| Exercise instructions |
All that is needed is the line containing "Walker County Schools" and the lines after it to the end of the material, written out exactly, pictures left aside.

| Data |
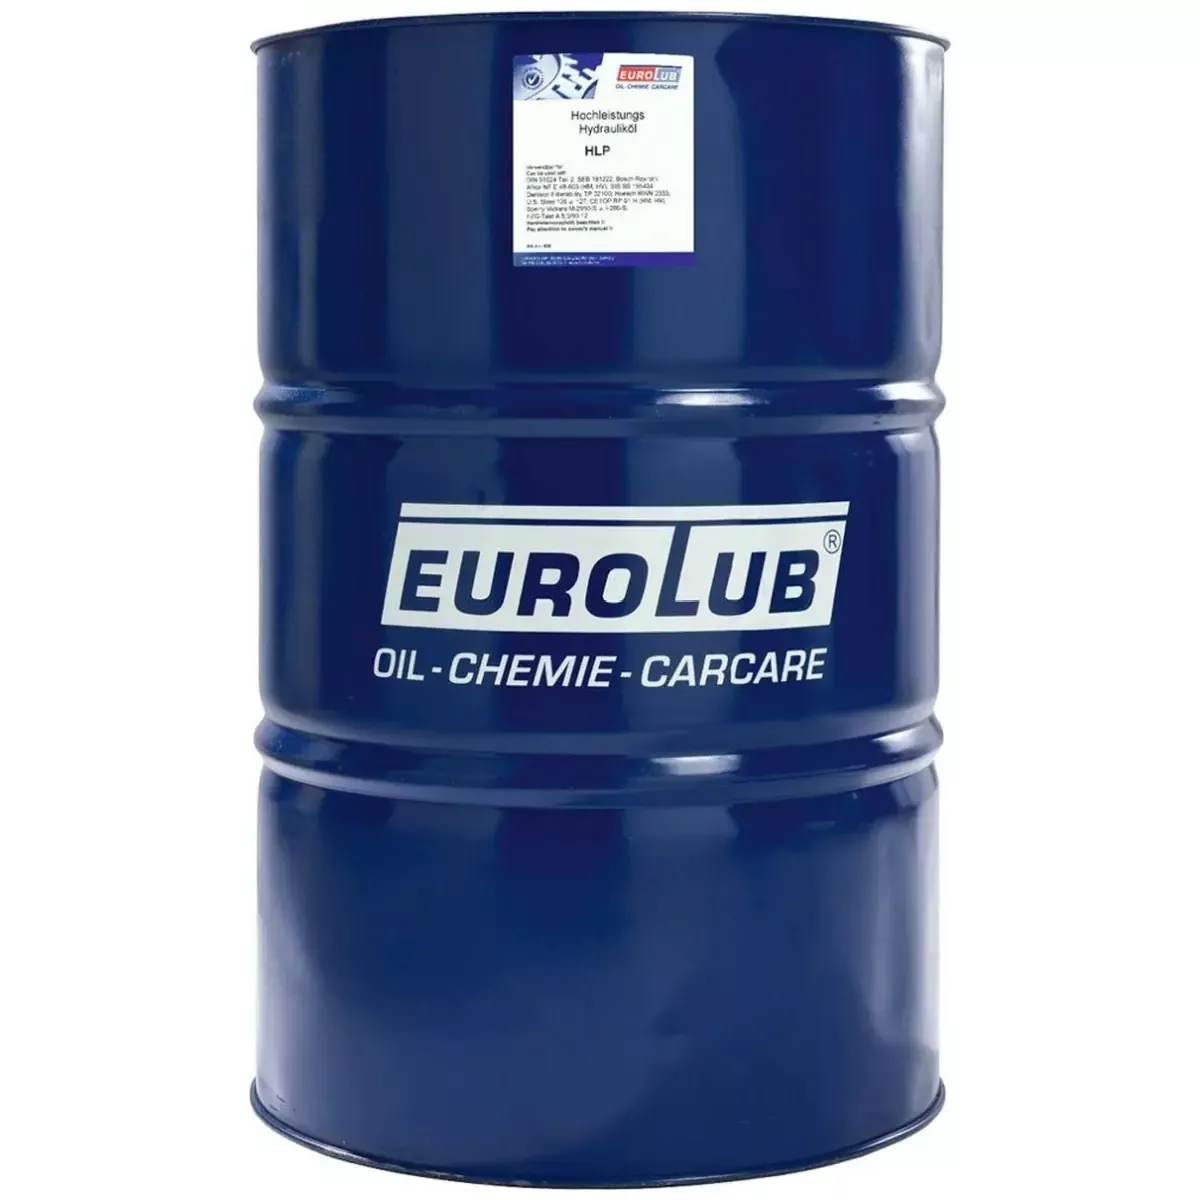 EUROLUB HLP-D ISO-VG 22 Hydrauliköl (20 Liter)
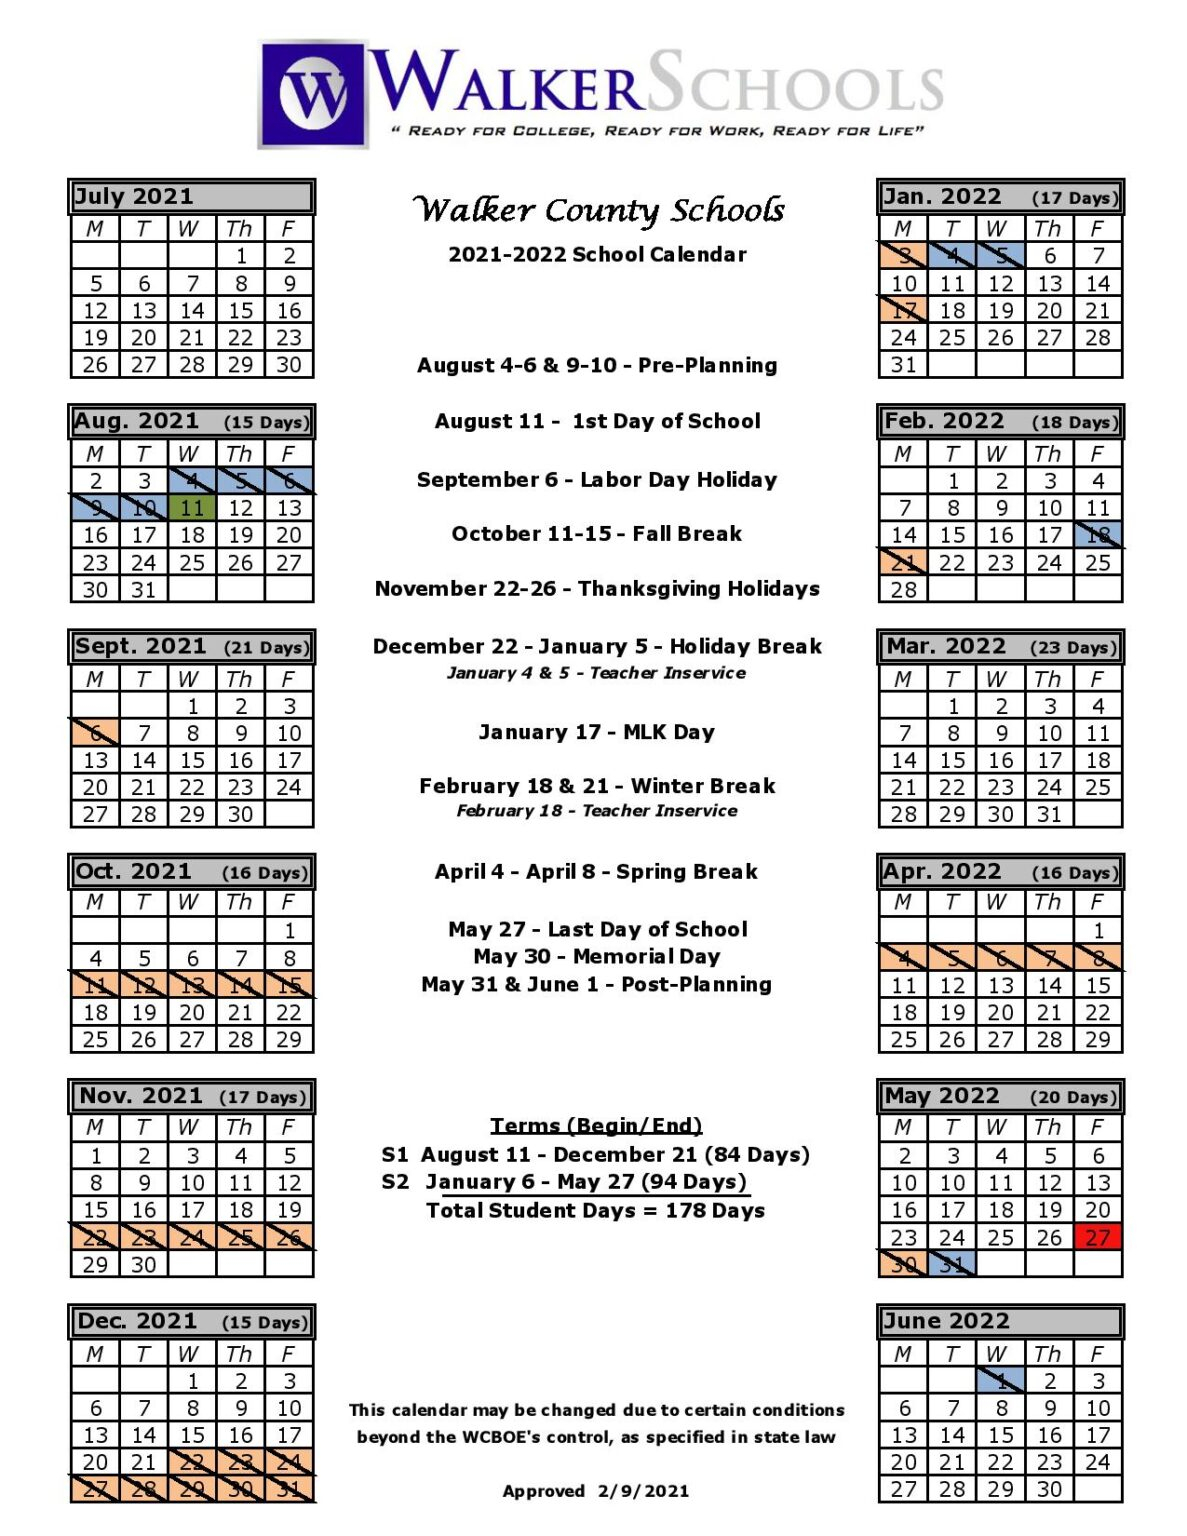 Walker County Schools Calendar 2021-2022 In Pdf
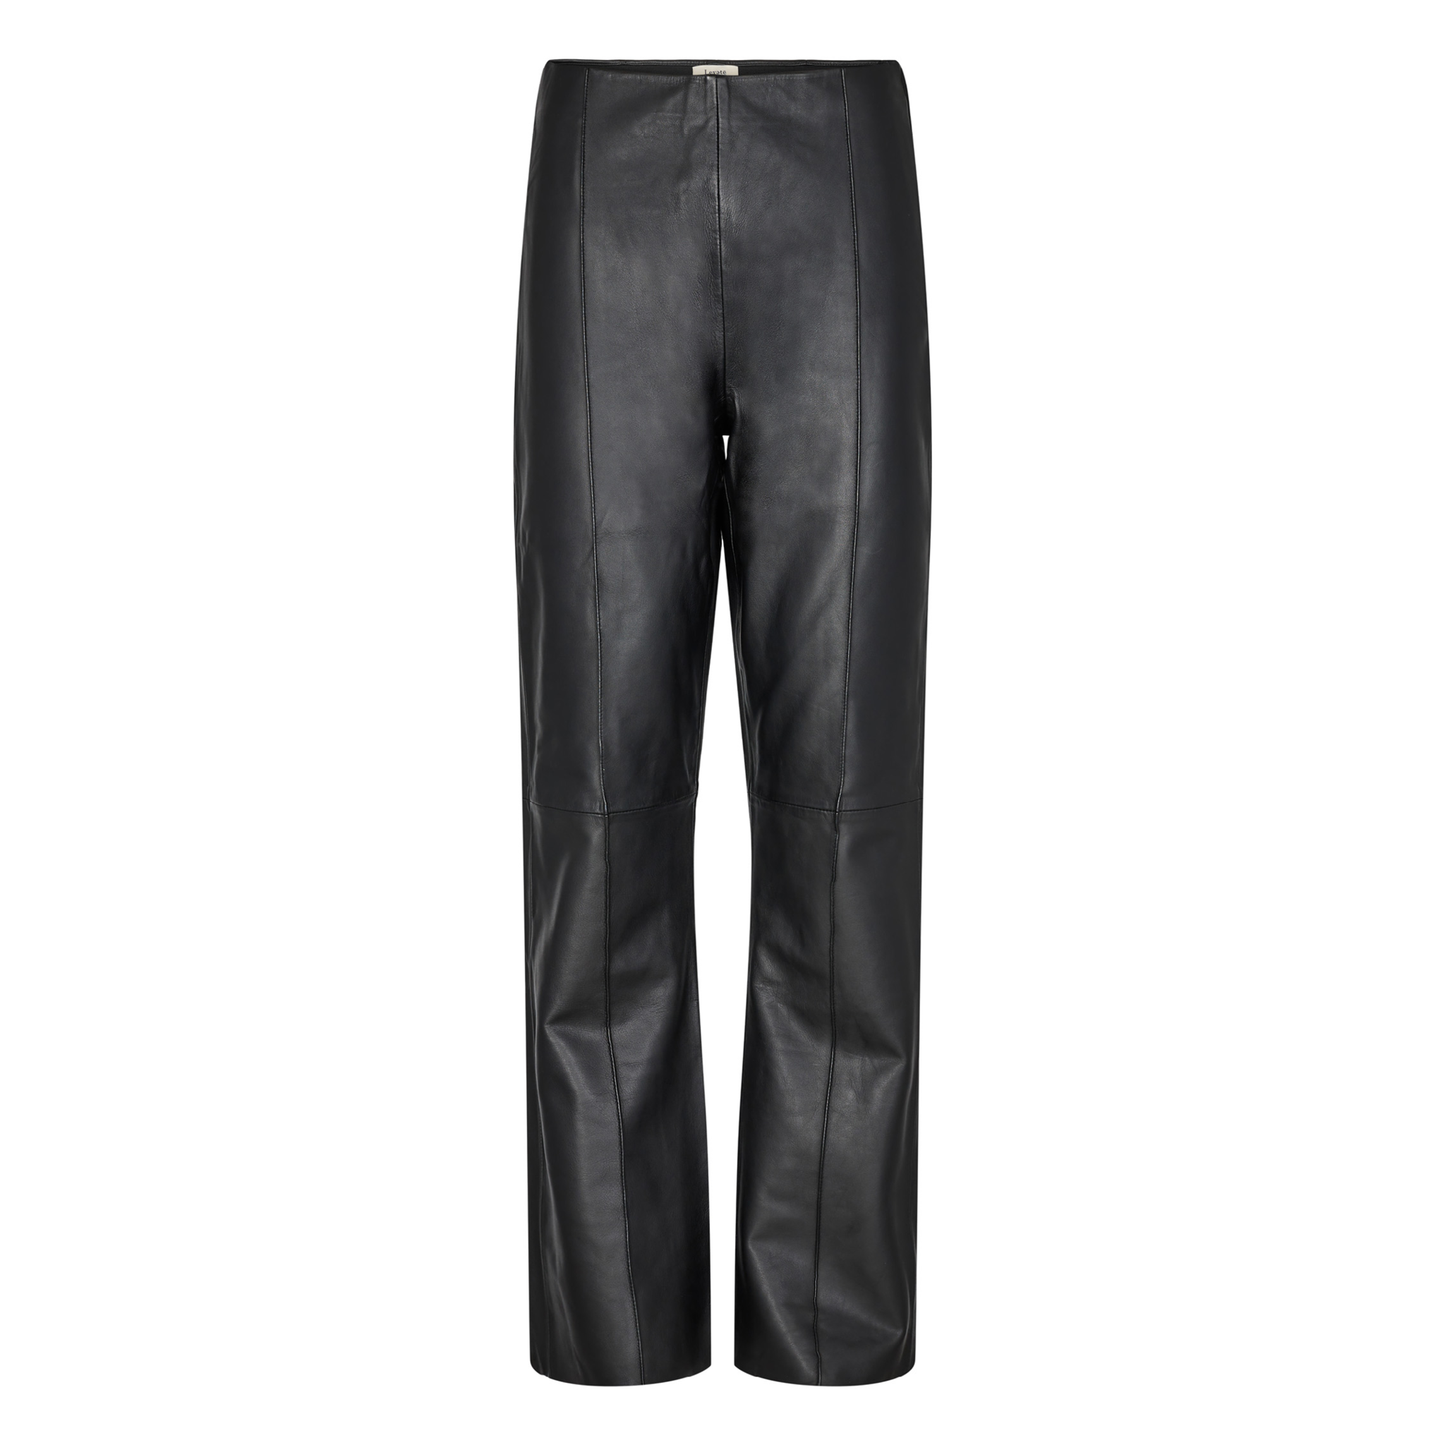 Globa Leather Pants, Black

| Answer below |
 Walker County Schools Calendar 2021-2022 In Pdf
 Globa Leather Pants, Black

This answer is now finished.